Surface wave propagation in polymers and metals exhibits distinct differences due to their contrasting mechanical properties. Metals, characterized by high stiffness and density, typically support faster surface wave velocities. Rayleigh velocities range between 2000 m/s and 3200 m/s, while polymers, being more compliant and less dense, show significantly lower velocities between 800 m/s and 1400 [98]. Attenuation behavior also diverges sharply: polymers exhibit much higher ultrasonic attenuation due to their viscoelastic nature, which leads to greater energy dissipation during wave propagation. This attenuation in polymers is strongly frequency-dependent, often increasing with frequency due to mechanisms like molecular relaxation and scattering [99]. In contrast, metals generally show lower attenuation, with mechanisms such as dislocation damping and Rayleigh scattering contributing modestly to energy loss. In this study, an excitation signal was selected that can work with polymers and metals. The performance of the method demonstrated that it can effectively work with materials with distinctly different characteristics.
Many SHM methods have been developed for large, thin, flat metal and composite plates, such as those found in airplane fuselages or slightly more complex wind turbine propellers.

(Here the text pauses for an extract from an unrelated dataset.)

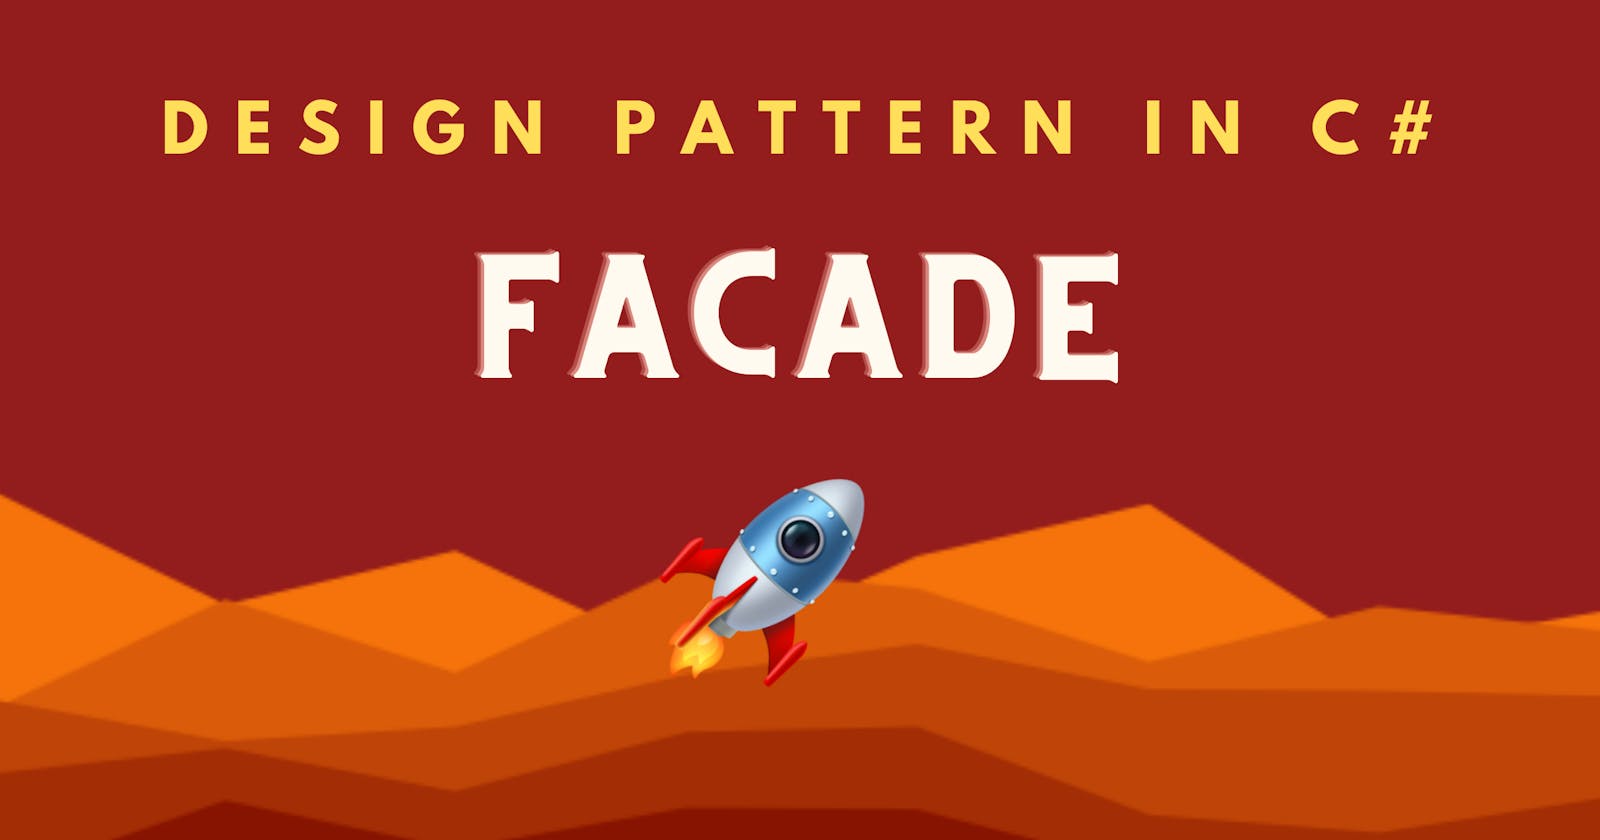 Design Pattern in C# - Facade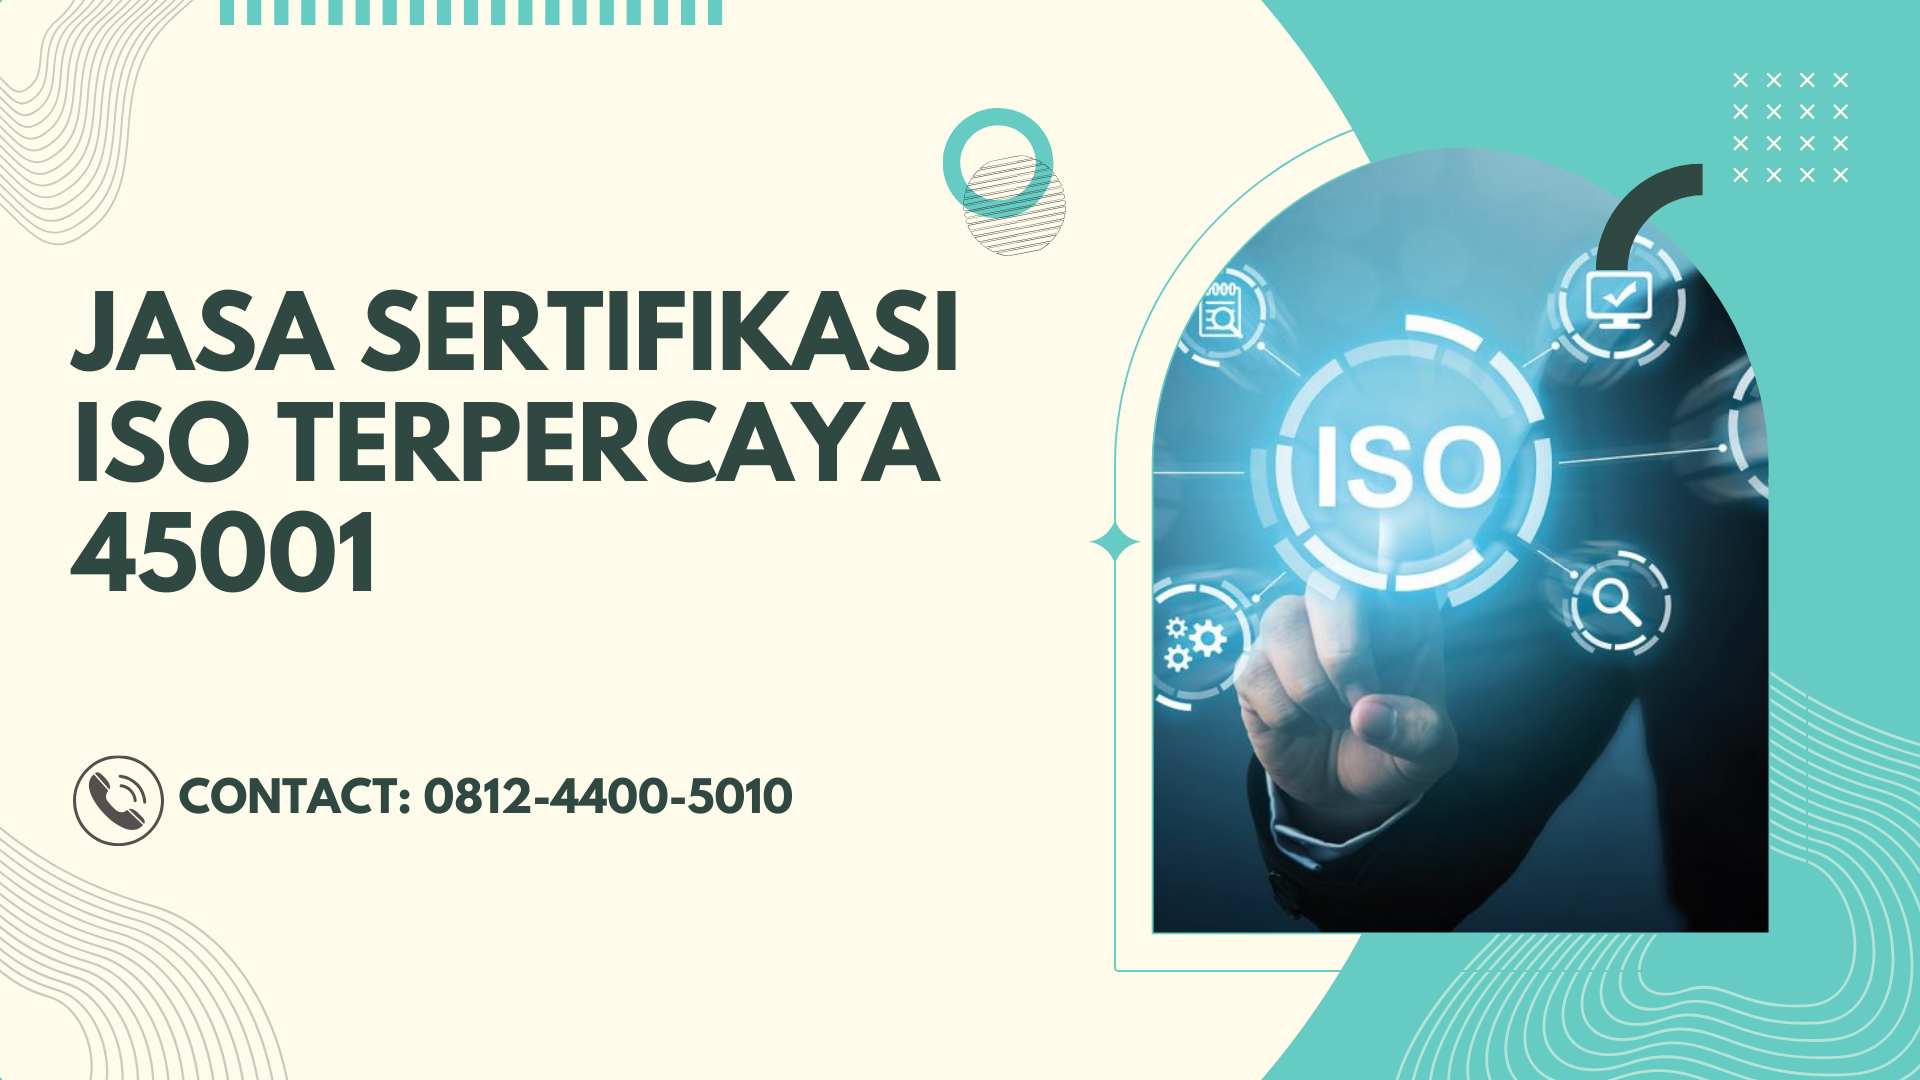 Jasa Sertifikasi ISO Terpercaya 45001

In this study, we focus on developing a method suitable for small parts with complex geometries, in contrast to the large and thin plates with low attenuation typically studied. The proposed approach in this paper can be extended to larger metal components with similar geometries. However, the higher attenuation observed in larger polymer parts presents greater challenges as the size increases. For components with complex geometries, the placement of PZTs and the design of excitation and sensing strategies must be carefully considered to ensure effective monitoring.

5. Conclusions

The performance of SHM methods was investigated in this study on additively manufactured small parts with embedded sensors subjected to various loads. Three-part geometries were considered: a plate, an obround plate, and a hollow cylinder. The parts were fabricated using polymer (PLA) and metal (copper) materials. Loads were applied at six levels, ranging from 0 to 500 N. A total of 5200 tests were conducted across six specimens. Half of the data was used for training, and the remaining half was reserved for testing. The characteristics of the acquired data were enhanced using the 2D STFFT, and convolutional neural networks (CNNs) were employed to classify the resulting spectrograms.
This work demonstrated that both in-situ process and post-process, embedded PZT integration in AM structures enables highly reliable SHM across both polymer and metal systems. By generating engineered spectrogram representations and utilizing CNNs, load states and damage-related conditions were classified with accuracies exceeding 90% in all specimens, with copper consistently reaching near-perfect recognition and PLA achieving a robust performance despite its greater compliance and innate damping. The obround plate and hollow cylinder specimens highlighted the ability of the sensing framework to achieve full separation of load conditions, while the more complex square plate specimen underscored both the adaptability of the method and the influence of geometry on signal separability. At each tested load level and application point, distinct patterns were observed in the sensor signals in both the time and time–frequency domains. The proposed method is highly effective under the conditions tested and in their immediate vicinity. However, the performance of the proposed method may be compromised when forces near the midpoints of the test loads are applied or when the forces are directed to the locations far from the tested loading points in the paper.
Many machines operate under a limited number of previously optimized operating conditions, where the components are subjected to well-defined forces. Using the proposed method, up to five different load levels can be identified with high accuracy. When a machine component begins to fail under a given operating condition, changes occur in the strain distribution, surface integrity, and surface wave propagation patterns of the part. As a result, the method begins to estimate loads that deviate significantly from the expected values for that condition. Such deviations provide an indication of defect initiation and can also reflect the severity of the damage in the monitored part. Furthermore, by collecting data when the component is in a defect-free state and as it progresses through various stages of degradation, the method can be trained to detect the onset of failure and estimate its severity with greater reliability.
Together, these findings confirm that embedded sensing paired with spectrogram-based deep learning provides a versatile and effective pathway towards real-time diagnostics in AM parts. This approach holds extreme promise and potential for aerospace, energy, and defense applications where material diversity, reliability, and in situ monitoring are critical to safety and performance.

Author Contributions

M.L.L. was responsible for management of the project, setting up data collection, data-analysis, and writing the paper. G.E.M. was responsible for data collection. M.G. was responsible for literature review, writing the introduction section, and the organization of references. I.T. was responsible for the management of the project as well alongside funding. S.T. was responsible for management of communications and writing reports to the sponsor. All authors have read and agreed to the published version of the manuscript.

Funding

This research was funded by U.S. Department of Energy, Office of Research and Economic Development, NNSA Minority Serving Institution Partnership Program under Award Number NA0004113, and the APC was funded as well.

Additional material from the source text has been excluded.